In other words, the two major components needed to find the hot spots leading to prediction of potential sweet spots are:

An igneous driver for the hydrothermal activity.

A system of naturally occurring faults and fractures acting as conduits for the hydrothermal fluids.

Shopping for the Right Sensor

Besides serving as conduits for hot fluid flow, natural fractures can be important to create areas of increased permeability.

Given the plethora of techniques used to try to pinpoint areas with production potential, Edman emphasized the importance of using a combo that works best in a particular area.

For example, in an area with dense vegetation, remote sensing is not the way to go.

And it helps to have a well or two to allow for petrographic evaluation.

“I have a photomicrograph that shows carbonate cement that came in with hydrothermal fluids,” Edman said. “Then you have these trails of oil, fluid inclusions included in that carbonate cement showing that you had generation of that oil at the time the hydrothermal fluids moved in.”

There’s more.

Edman noted that AAPG member Dan Jarvie and his colleagues demonstrated in 2011 that the oil at Parshall Field in North Dakota was generated in situ.

“That’s what we’re saying,” she added. “If you look at biomarker data that Dan did, it showed that those biomarkers are at the proper level of heating we’re finding by the organic petrography.

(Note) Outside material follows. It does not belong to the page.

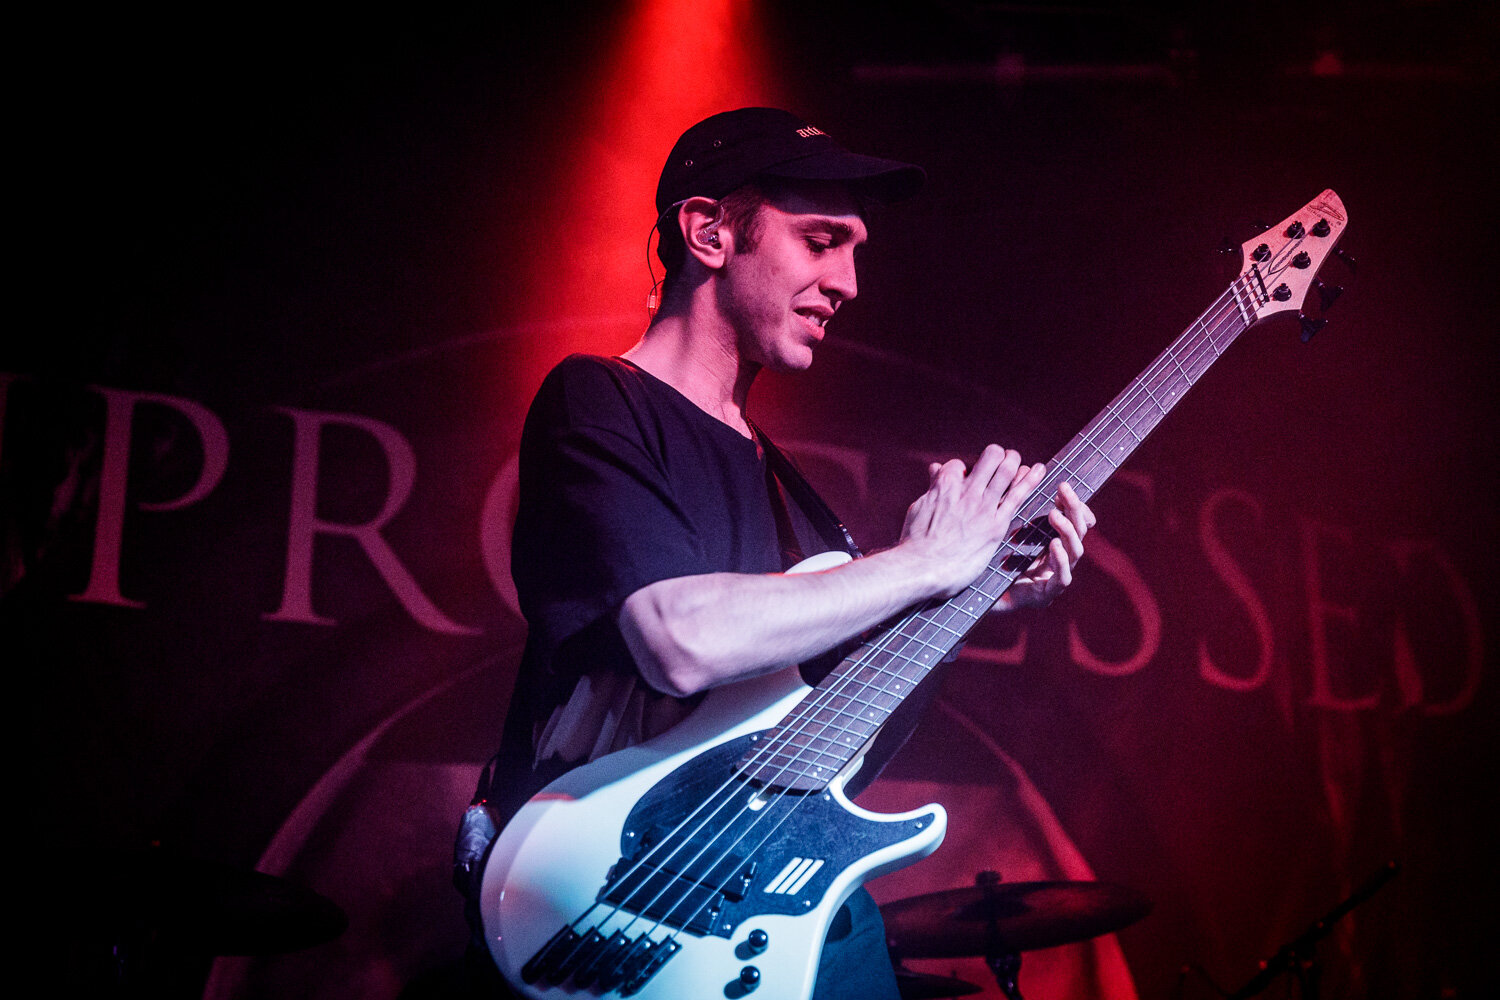 Unprocessed at the Live Rooms in Chester on November 26th 2019 ©Johann Wierzbicki | ROCKFLESH

“A lot of people think the hydrocarbons migrated in from the west where the Bakken is more thermally mature,” she commented. “But if you look at these biomarkers from Parshall Field, they aren’t all that mature.”

Edman and her colleagues have some convincing examples from the Eagle Ford at First Shot Field in Texas and the Parshall and Stanley fields in the Williston Basin showing that better production is related to areas of localized convective heat flow.

“This is a great inexpensive way to look for sweet spots in these unconventional plays,” she said. “If you do use seismic, it can help you identify those areas where you want to spend your money for it.”